October 17, 2021 3:12 pm  #16


Re: I’m pretty sure he’s gay.

Blue Bear wrote:

I’ll cut to the chase.  He’s not straight, and sounds like he’s mentally destroying you.

A better husband you do deserve.

He definitely mentally destroyed me
I don’t know how to get out
As for a new husband I can’t trust around my daughter

     Thread Starter
 

October 17, 2021 3:14 pm  #17


Re: I’m pretty sure he’s gay.

Soaplife wrote:

Helpme25 wrote:

I want to leave and start my life over.. but because we do have children I feel to hurt breaking our family up they need there father in there life’s I guess I feel stuck and yes unhappy

You and the kids minus one fuckwit is a family.  Kids need a sane and stable parent who is looking out for them.  That would be you.

My family is me and my five kids.  My kids have all decided they don't need him in their lives. He chose another path. None of us want to live with his chaos fucking up our lives.

I try to be the best for my child but some days is harder than others

     Thread Starter
 

October 17, 2021 3:15 pm  #18


Re: I’m pretty sure he’s gay.

MJM017 wrote:

Hello Helpme25,

Am so sorry you find yourself here.  My late GIDXH was the perfect fiance who morphed into an abusive and rebellious teenager after our marriage. I am very glad he's been out of my life for a few years.

If you don't mind me asking, is your husband a great father emotionally? Is he patient, kind, loving to your child? Does he enjoy spending time with your child? Is your husband helping you through your pregnancy. Is he concerned and taking concrete action to ensure you have a safe and healthy pregnancy? That's just as important as the financials.

Just my opinion, but it is smart to keep your life as is until your child is born and doing well. Reassess your life at that point. What seems like a very bad and impossible situation now is not. It just feels that way.

Take care of yourself and your little family. Write as much as you wish.

Best,
Maria


 

I don’t know what to do I guess he is supportive through this pregnancy

     Thread Starter
 

October 22, 2021 4:07 pm  #19


Re: I’m pretty sure he’s gay.

Helpme25 wrote:

Blue Bear wrote:

I’ll cut to the chase.  He’s not straight, and sounds like he’s mentally destroying you.

A better husband you do deserve.

He definitely mentally destroyed me
I don’t know how to get out
As for a new husband I can’t trust around my daughter

Don't worry about finding a new husband just yet.  I was just trying to say that in terms of having a "husband", the one you have seems to suck.  Worry about getting out fo the relationship with the husband you currently have.  Visit a lawyer (don't tell him you are doing this) and start planning.  It's a brutal journey, but it was worth it for me.

 

October 22, 2021 4:35 pm  #20


Re: I’m pretty sure he’s gay.

Helpme25 wrote:

Blue Bear wrote:

I’ll cut to the chase.  He’s not straight, and sounds like he’s mentally destroying you. A better husband you do deserve.

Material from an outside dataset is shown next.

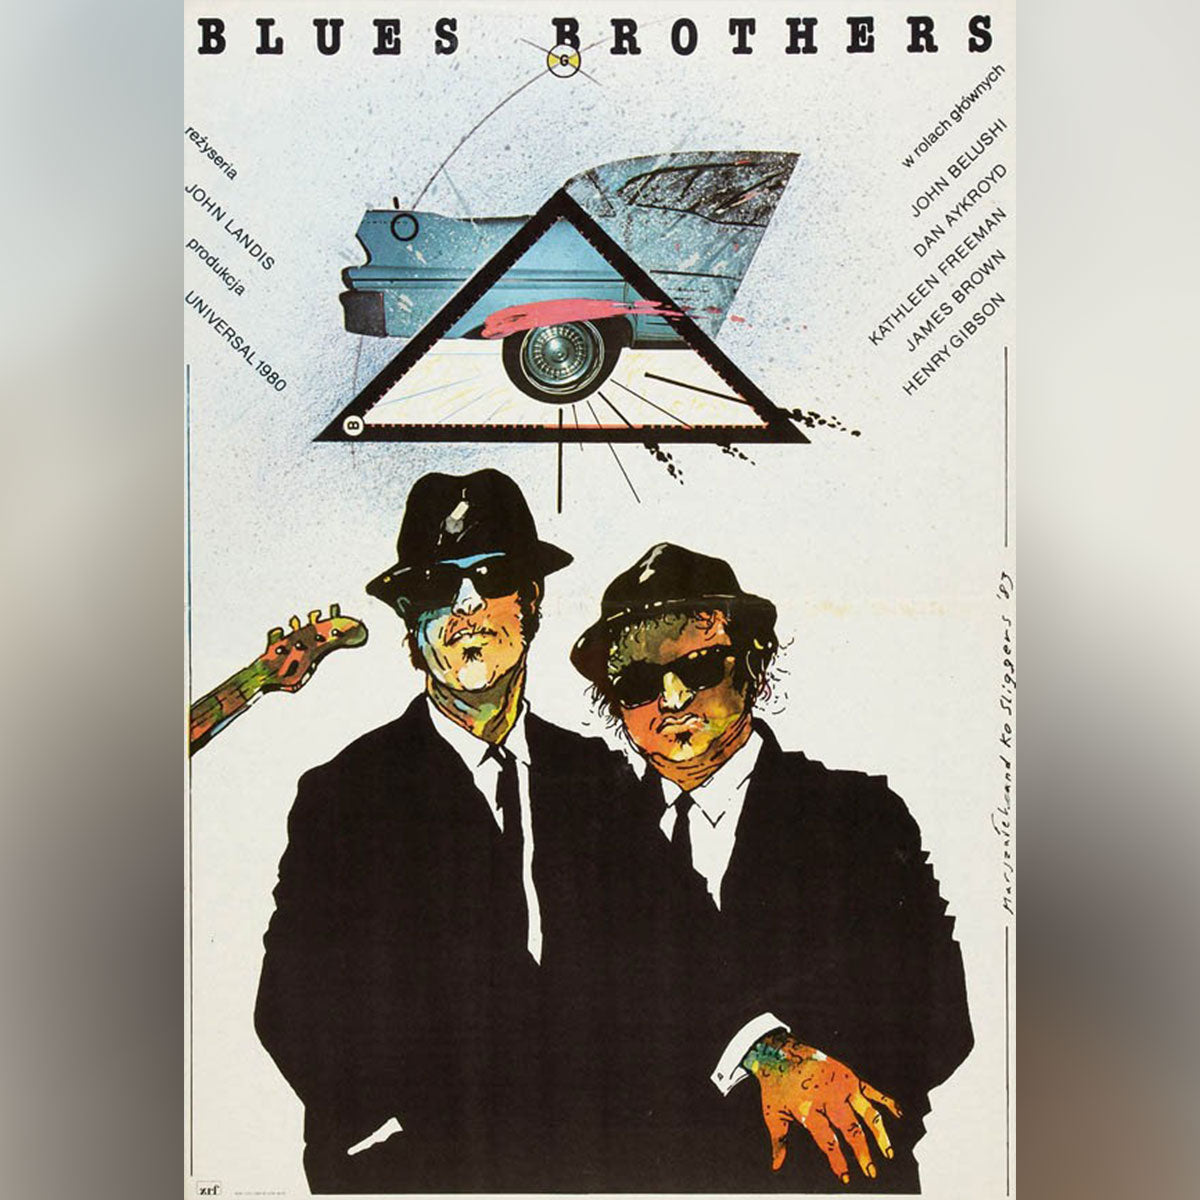 Blues Brothers, The (1980)

He definitely mentally destroyed me
I don’t know how to get out
As for a new husband I can’t trust around my daughter

Helpme, I fully agree you need to do some planning, but that can be challenging under these types of situations. Your comment above, concerns me a little bit. Can you clarify what you mean when you say, ‘I don’t know how to get out’?

One day at a time. Take care.


I never cease to wonder at the cruelty of this land, but it seems a time of sadness is a time to understand, is it mine, oh lord is it mine, when everything is dark ….. Roger Hodgson.